Background information
- Origin: Australia
- Genres: Film music, comedy
- Years active: 2004–2014
- Members: Boris Conley Jess Ciampa Graeme Leak Shannon Birchall Patrick Cronin Denis Blais (Director)
- Past members: Dan Witton David Hewitt Philip McLeod
- Website: Archived 12 April 2009 at the Wayback Machine

= Spaghetti Western Orchestra =

The Spaghetti Western Orchestra, formerly the Ennio Morricone Experience, were a quintet of musicians who perform music from Spaghetti Westerns, especially the music of Ennio Morricone.

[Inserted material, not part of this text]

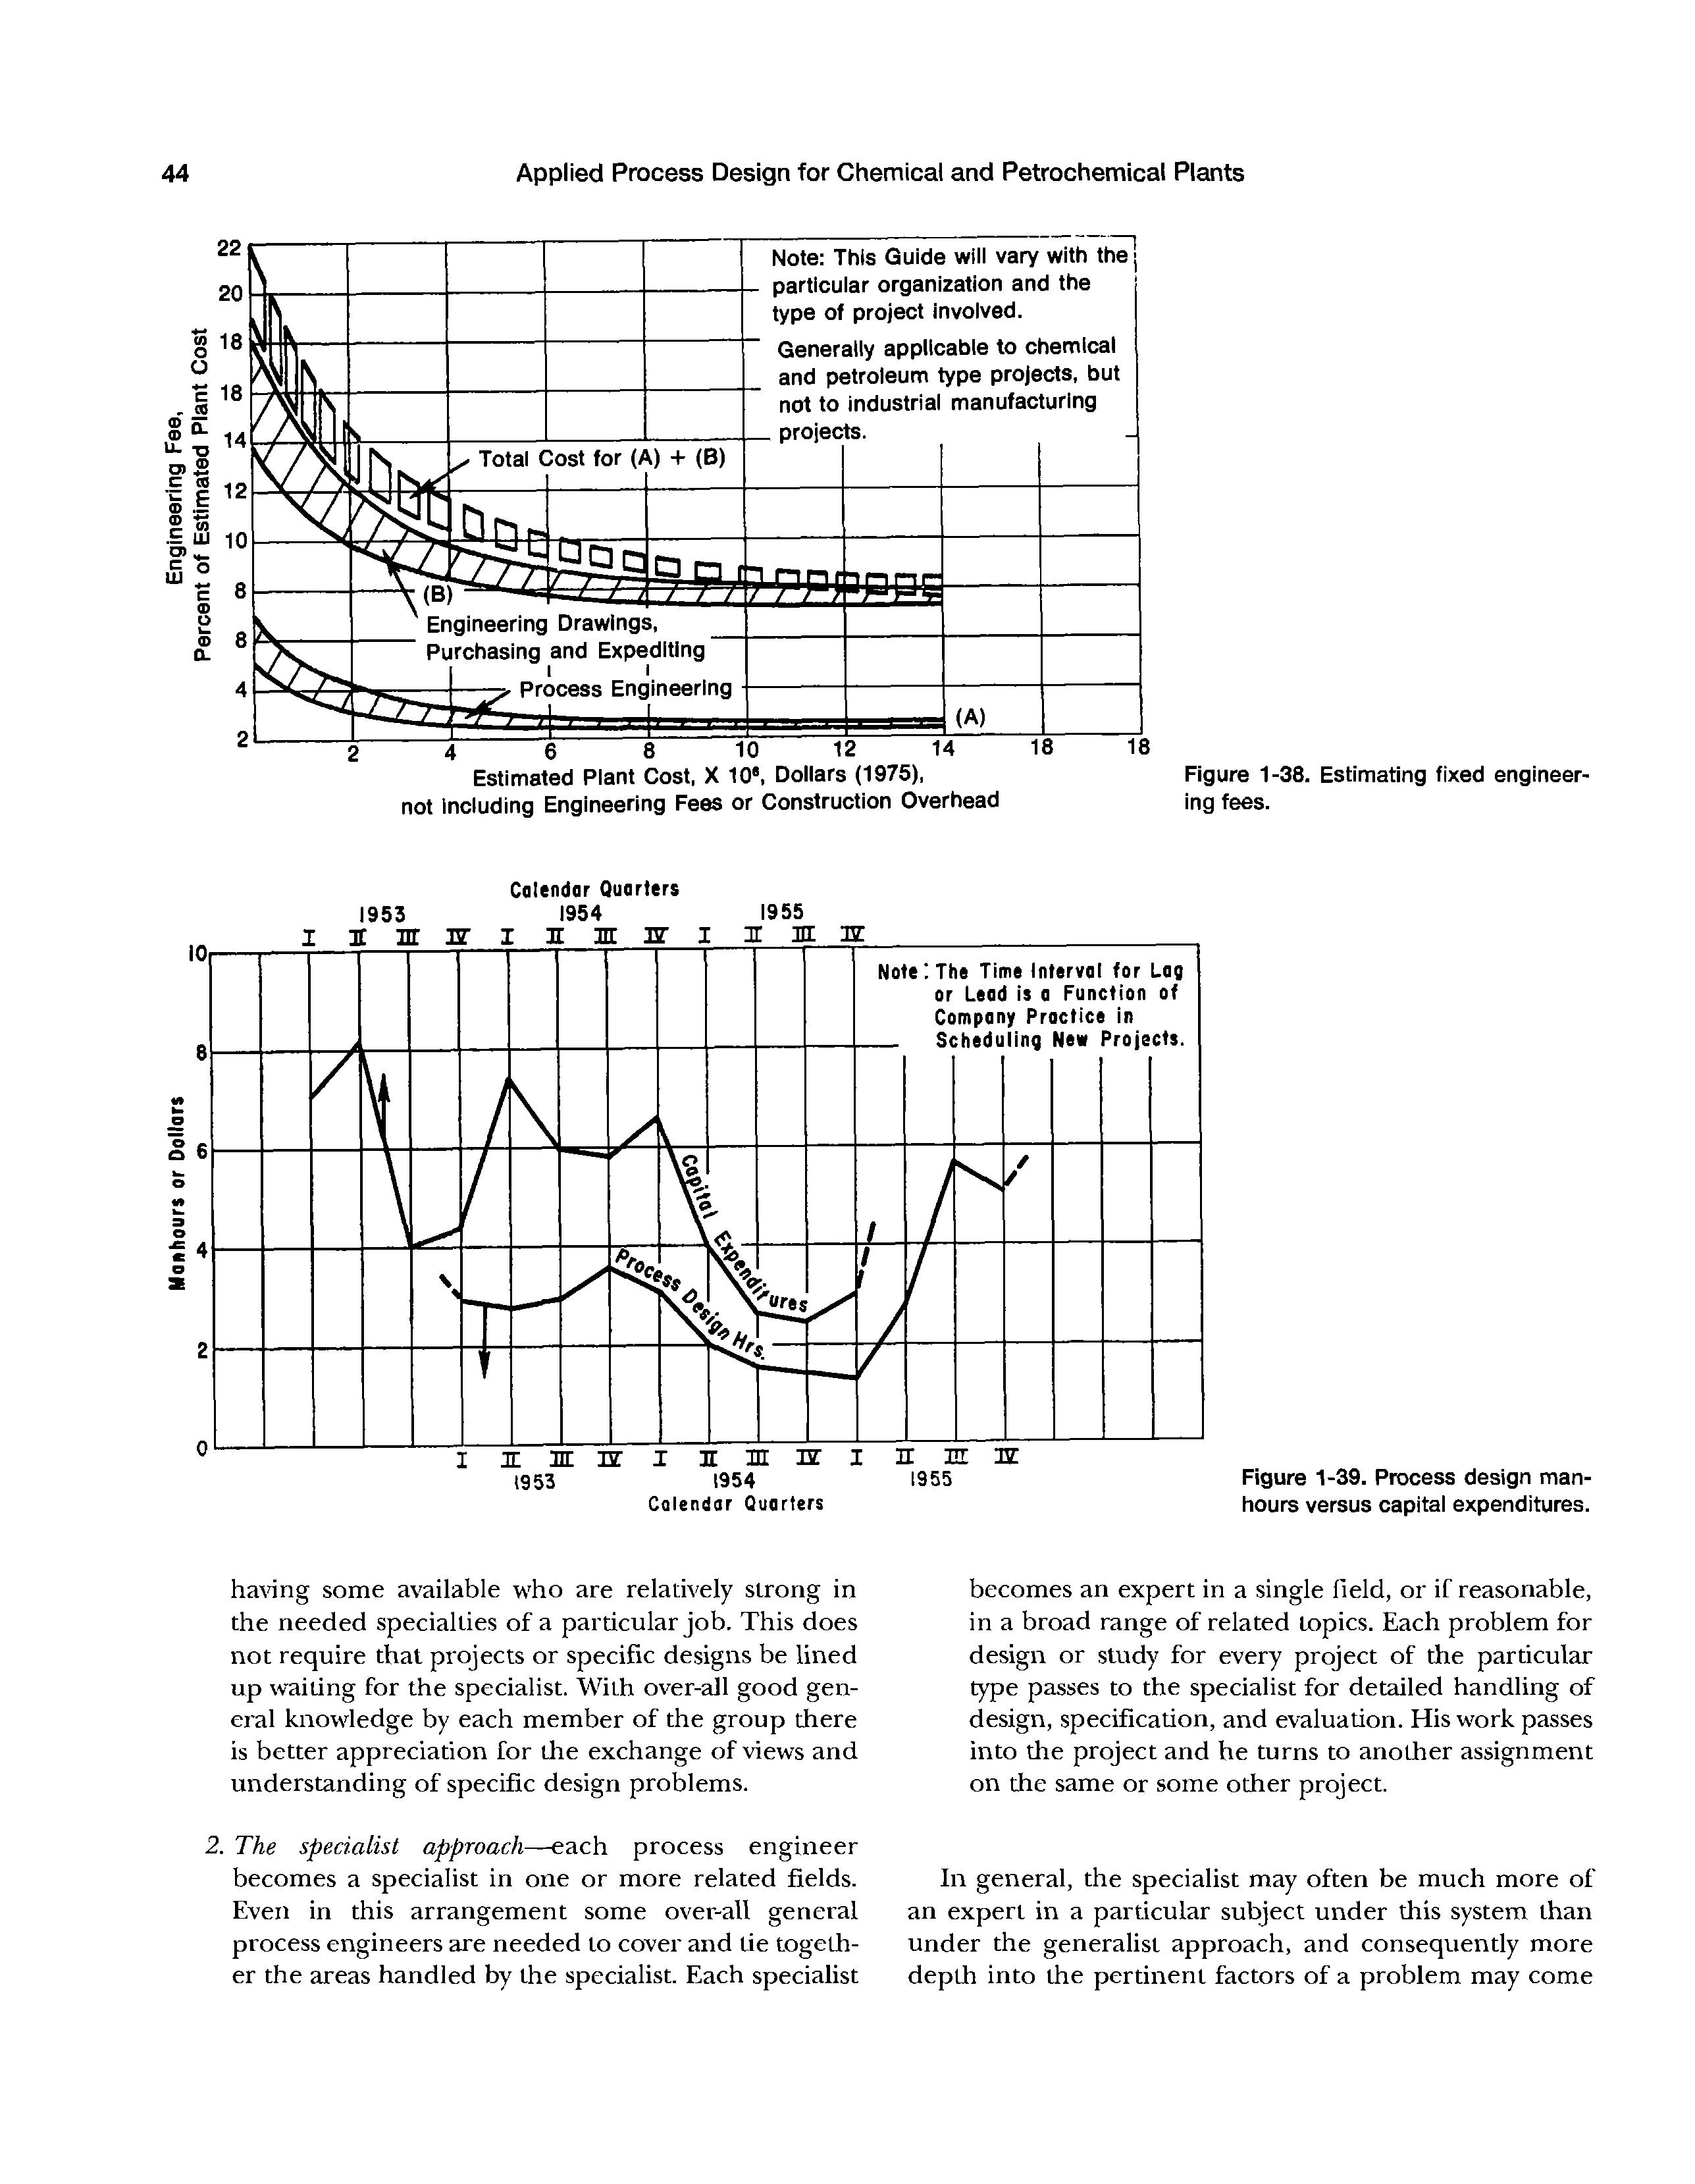 Figure 1-39. Process design manhours versus capital expenditures.

As the Ennio Morricone Experience, they performed at venues such as The Studio in Sydney. John Shand, reviewing their act in 2004, praised its inventive humour, saying that their "versatility is a constant surprise and regular source of laughs."

They premiered their current act at the Montreal Jazz Festival in 2007, were successful at the Edinburgh Festival, and have toured the world with this show in which they re-enact the music and incidents of famous Spaghetti Westerns, such as For a Few Dollars More and Once Upon a Time in the West, using a variety of unusual musical instruments such as the theremin and Foley sound effects such as a duck call.

John Lewis of The Guardian reviewed their performance at the Queen Elizabeth Hall in October 2009, saying that, while the storyline and comedy didn't work perfectly, their musicianship and the strong theme made this "an endearing, impressive show".

They performed at the Royal Albert Hall in the 2011 season of the BBC Proms on 14 August. Hugo Shirley, reviewing for the Daily Telegraph, praised their "imaginative exuberance" and observed that they were more successful in engaging the audience than the BBC Concert Orchestra, which had performed Spaghetti Western music as an encore in their earlier prom performance of film music that day.